After several years of slowing growth, the global medicines market is poised to rebound from an expected low of 3%-4% growth in 2012 to 5%-7% in 2016, according to the IMS Institute for Healthcare Informatics.
Annual global spending on medicines will rise from $956 billion in 2011 to nearly $1.2 trillion in 2016, increasing by an average 3%-6% a year, says the Institute, in a new report. Annual global spending growth will more than double by 2016 to as much as $70 billion, up from a $30 billion pace this year, driven by volume increases in the "pharmerging" markets and an uptick in developed nations, it says.
Patent expiries (peaking this year) and increased cost-containment actions by payers will constrain spending on branded medicines to 0%-3% worldwide to 2016. At under 1% ($3 billion), developed markets are expected to experience their lowest annual growth this year, but then rebound to annual growth of $18-$20 billion for 2014-16.
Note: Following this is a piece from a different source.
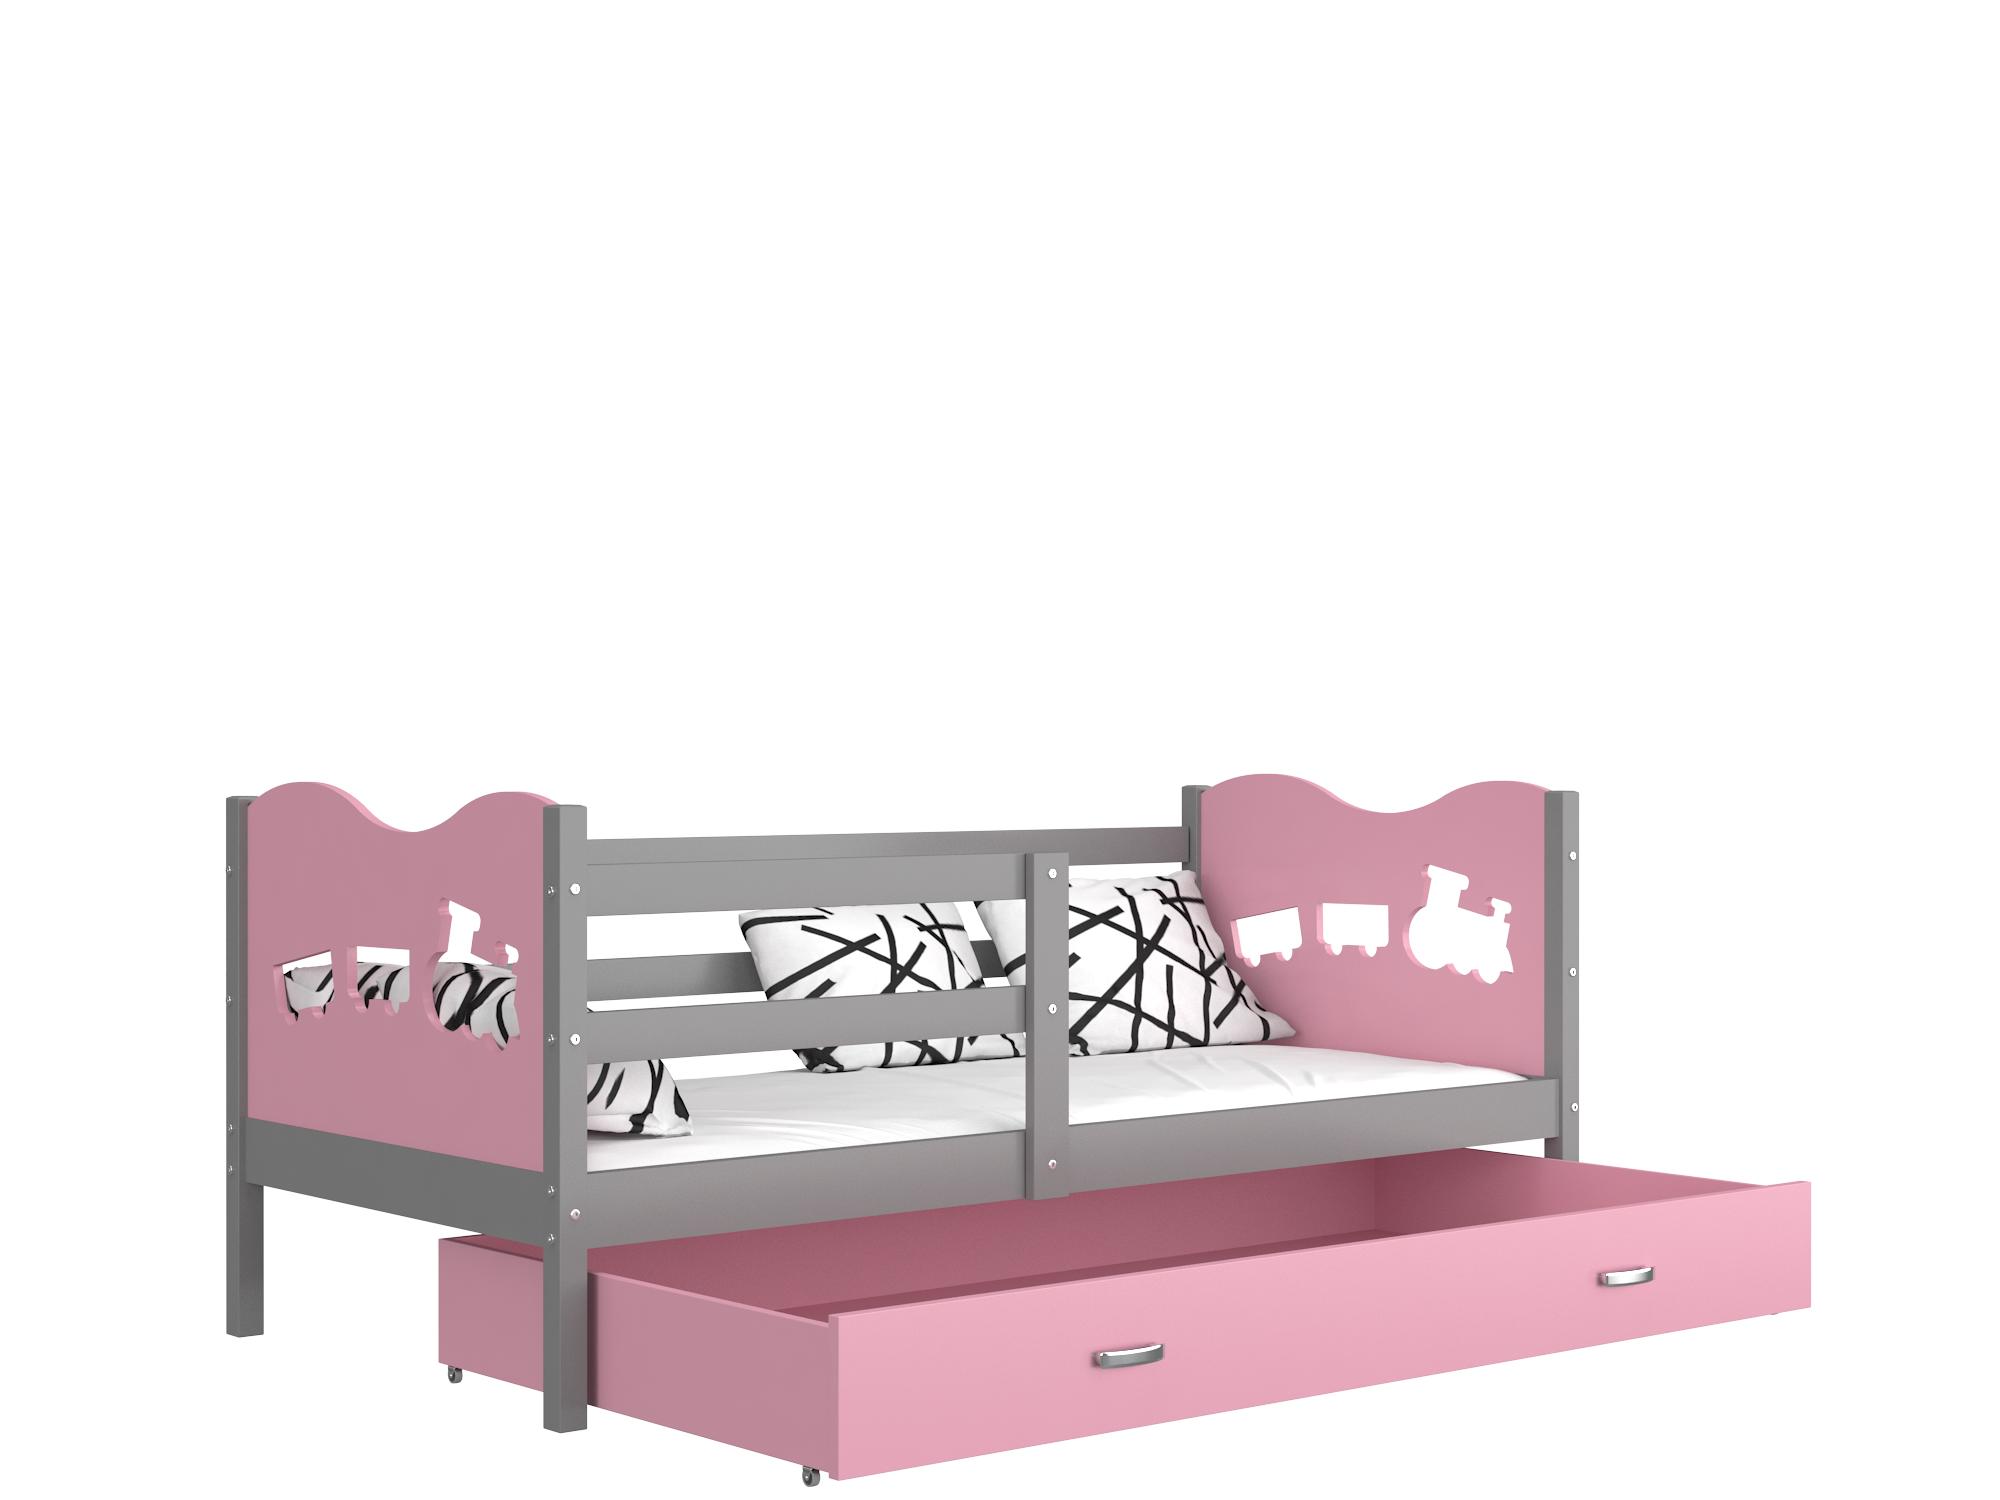 ArtAJ Detská posteľ Max P / MDF 190 x 80 cm Farba: Sivá / ružová 190 x 80 cm, Prevedenie: s matracom

"As health systems around the world grapple with macrocosmic pressures and the demand for expanded access and improved outcomes, medicines will play an even more vital role in patient care over the next few years," comments IMS Institute executive director Murray Aitken.
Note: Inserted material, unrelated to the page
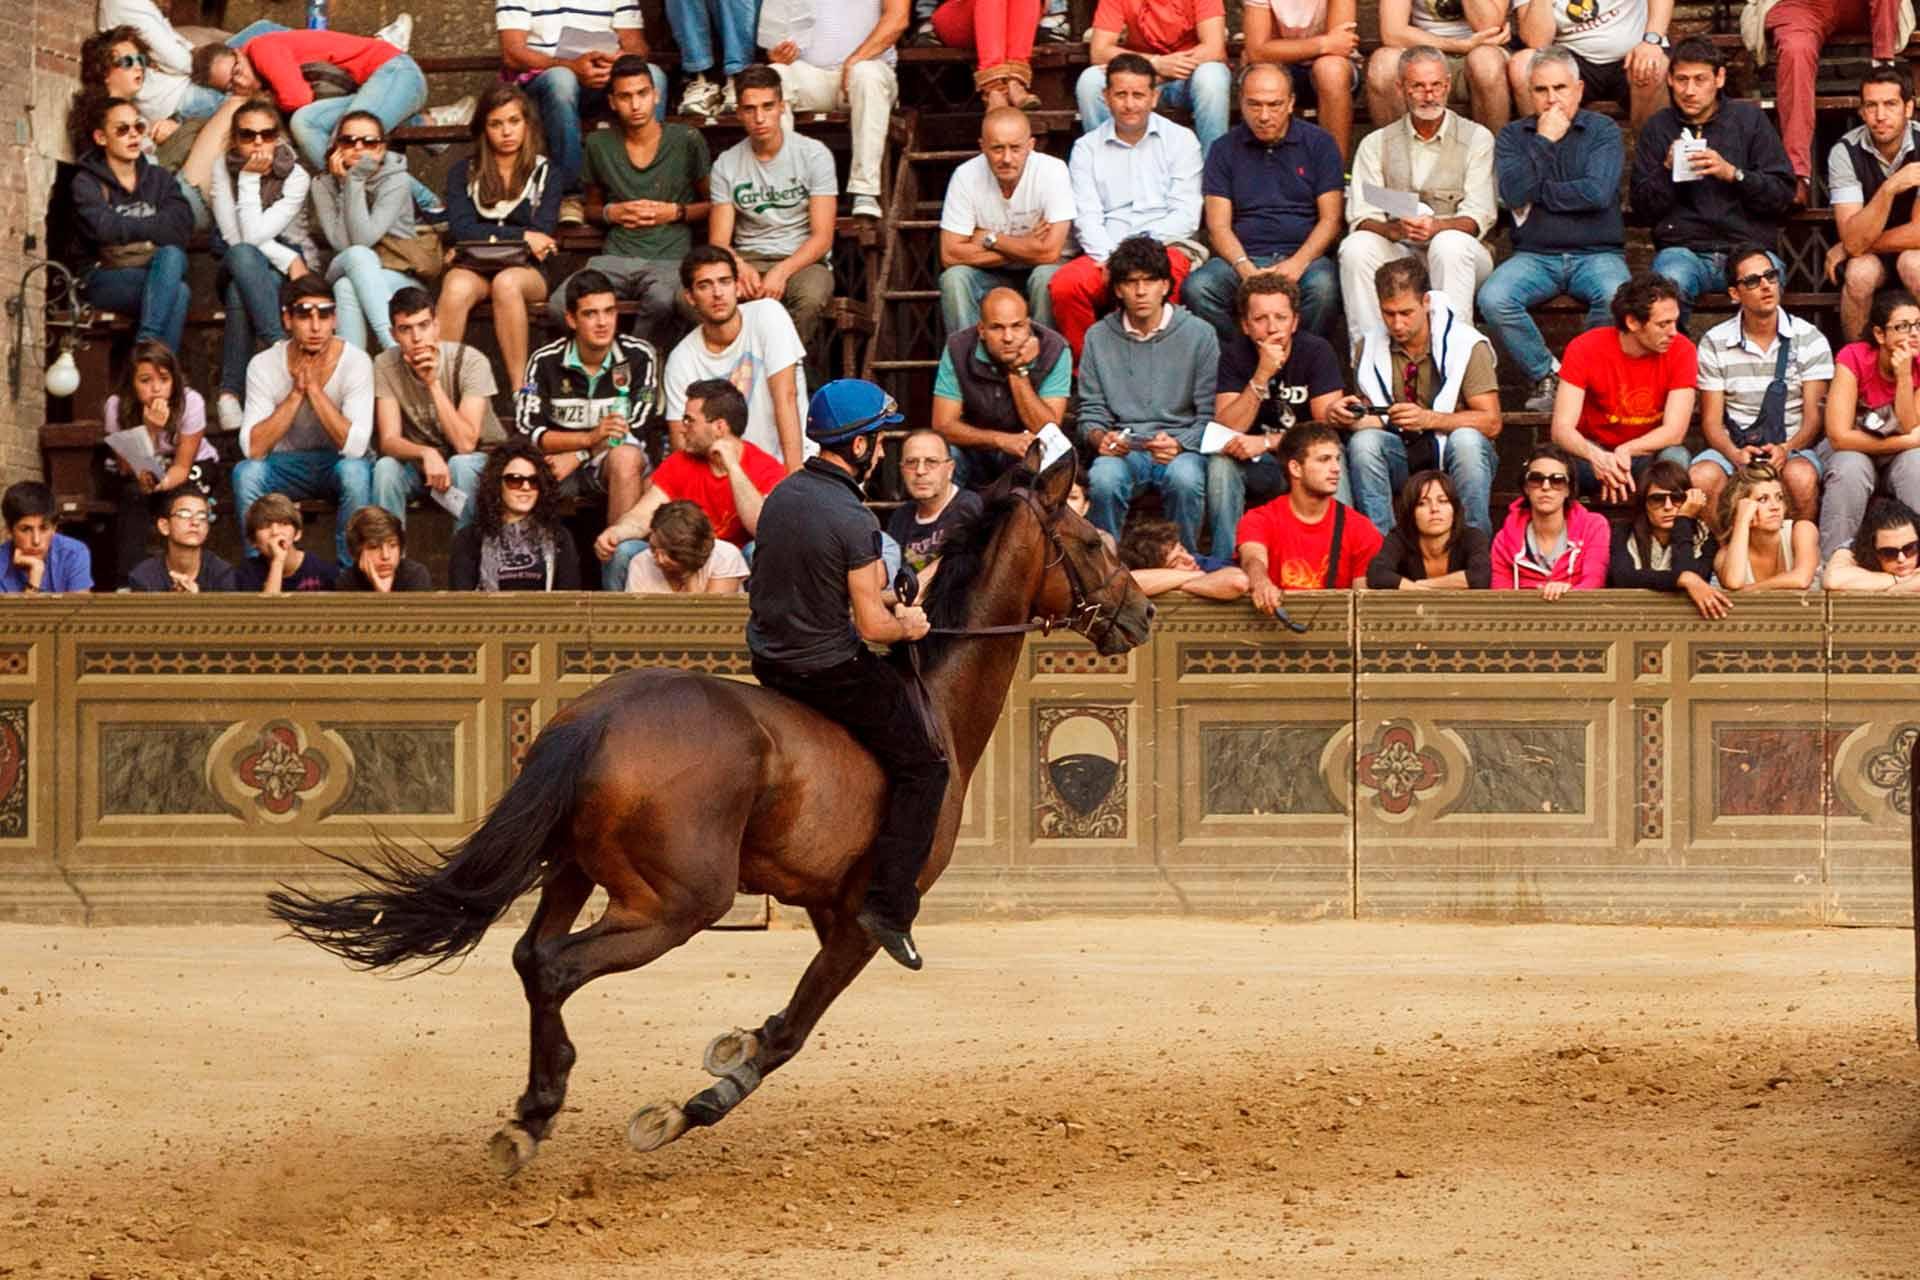 LE CORSE DI NOTTE - La ?Prova di Notte? ? la prima opportunit?, offerta ai cavalli, per provare il terreno di gara dove soltanto dieci di loro si confronteranno nel giorno del Palio.

The report identifies a number of market dynamics to 2016, including slow growth in drugs spending by developed economies’ health systems, rising just $60-$70 billion during 2011-16 following a $104 billion rise in 2006-11.
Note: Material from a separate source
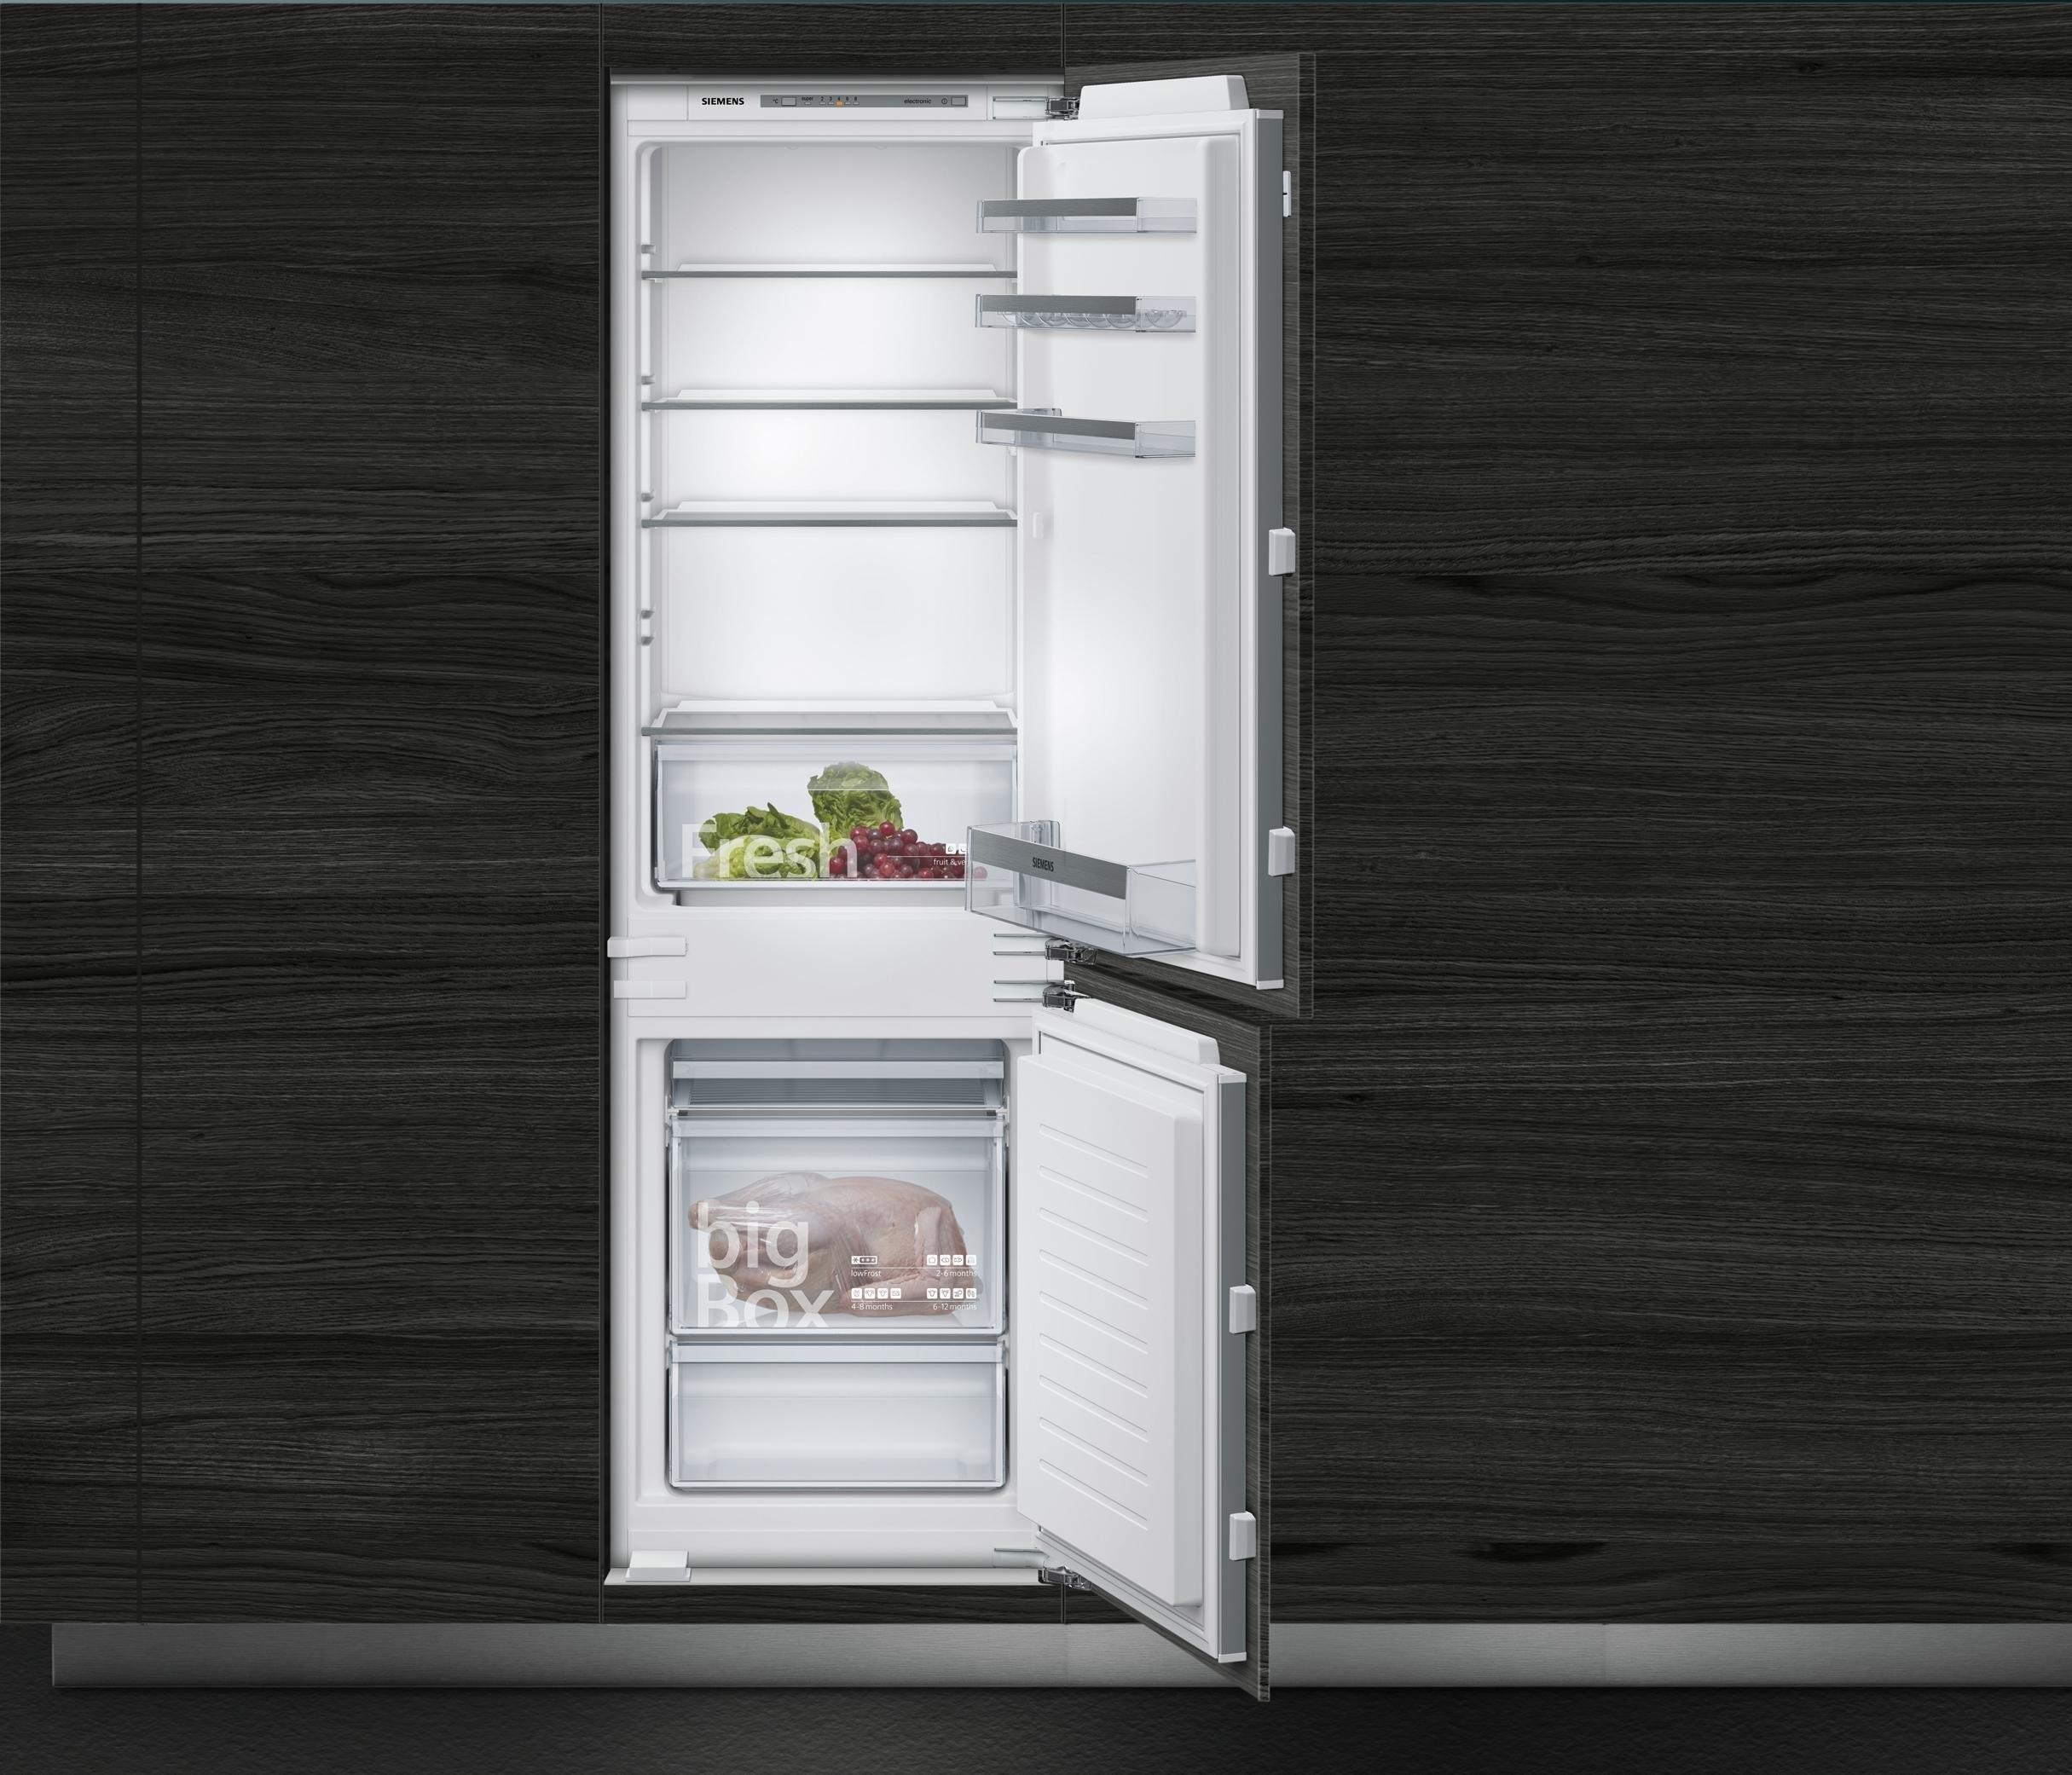 SIEMENS volledig integreerbare inbouw-koel-vriescombinatie KI87VVS30, A++, 177,2 cm hoog in de webshop van OTTO kopen

Despite the highest-ever number of patent expiries, US drug spending will grow $35-$45 billion over the next five years, averaging 1%-4% a year as newer medicines that address unmet needs are introduced and patient access expands in 2014 due to implementation of President Obama's Affordable Care Act (ACA).
In Europe, annual growth will be 1%-2% due to significant austerity programmes and cost-containment initiatives, while the Japanese market will grow 1%-14% a year, slightly lower than during the previous five years and reflecting biennial price cuts scheduled for 2012, 2014 and 2016.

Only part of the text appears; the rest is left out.